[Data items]

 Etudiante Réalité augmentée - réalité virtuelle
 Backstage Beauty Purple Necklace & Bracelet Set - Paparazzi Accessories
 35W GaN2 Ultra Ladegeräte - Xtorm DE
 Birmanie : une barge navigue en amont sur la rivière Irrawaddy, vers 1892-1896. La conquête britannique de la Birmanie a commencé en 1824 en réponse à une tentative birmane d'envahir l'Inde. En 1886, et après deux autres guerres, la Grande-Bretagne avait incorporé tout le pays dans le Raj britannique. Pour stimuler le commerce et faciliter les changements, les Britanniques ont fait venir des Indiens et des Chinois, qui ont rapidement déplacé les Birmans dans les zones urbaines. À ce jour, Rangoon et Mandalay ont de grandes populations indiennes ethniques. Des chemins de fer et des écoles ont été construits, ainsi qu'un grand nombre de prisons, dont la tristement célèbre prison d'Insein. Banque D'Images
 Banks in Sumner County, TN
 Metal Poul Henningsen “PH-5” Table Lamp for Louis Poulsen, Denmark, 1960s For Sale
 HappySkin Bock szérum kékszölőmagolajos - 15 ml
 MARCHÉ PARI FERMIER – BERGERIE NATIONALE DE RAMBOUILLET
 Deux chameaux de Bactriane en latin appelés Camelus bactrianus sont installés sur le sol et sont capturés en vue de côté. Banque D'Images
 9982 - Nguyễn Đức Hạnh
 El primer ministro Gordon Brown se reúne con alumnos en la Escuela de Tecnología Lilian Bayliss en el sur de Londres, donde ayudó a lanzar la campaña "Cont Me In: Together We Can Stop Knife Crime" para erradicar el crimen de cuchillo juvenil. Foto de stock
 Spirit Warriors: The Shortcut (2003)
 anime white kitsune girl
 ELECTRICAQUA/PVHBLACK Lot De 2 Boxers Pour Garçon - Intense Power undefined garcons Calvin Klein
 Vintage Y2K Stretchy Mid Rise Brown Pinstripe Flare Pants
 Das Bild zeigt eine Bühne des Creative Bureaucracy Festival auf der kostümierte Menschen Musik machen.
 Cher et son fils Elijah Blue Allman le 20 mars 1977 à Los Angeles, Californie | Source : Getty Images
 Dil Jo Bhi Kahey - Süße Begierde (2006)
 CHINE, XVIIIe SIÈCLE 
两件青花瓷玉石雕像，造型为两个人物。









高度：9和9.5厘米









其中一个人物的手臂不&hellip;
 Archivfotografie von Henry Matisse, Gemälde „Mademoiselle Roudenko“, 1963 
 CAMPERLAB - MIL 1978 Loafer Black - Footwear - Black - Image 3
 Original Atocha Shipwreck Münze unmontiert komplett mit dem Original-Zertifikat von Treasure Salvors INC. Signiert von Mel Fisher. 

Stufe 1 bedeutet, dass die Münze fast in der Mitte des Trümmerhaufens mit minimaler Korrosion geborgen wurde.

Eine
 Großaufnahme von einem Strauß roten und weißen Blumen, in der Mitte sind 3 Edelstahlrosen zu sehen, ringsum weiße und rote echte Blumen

§ **WORK REQUIRED**: Above are the lines; repeat exactly the ones from the line containing "9982 - Nguyễn Đức Hạnh" down to the line containing "anime white kitsune girl", both inclusive.

§ **RESPONSE**:
 9982 - Nguyễn Đức Hạnh
 El primer ministro Gordon Brown se reúne con alumnos en la Escuela de Tecnología Lilian Bayliss en el sur de Londres, donde ayudó a lanzar la campaña "Cont Me In: Together We Can Stop Knife Crime" para erradicar el crimen de cuchillo juvenil. Foto de stock
 Spirit Warriors: The Shortcut (2003)
 anime white kitsune girl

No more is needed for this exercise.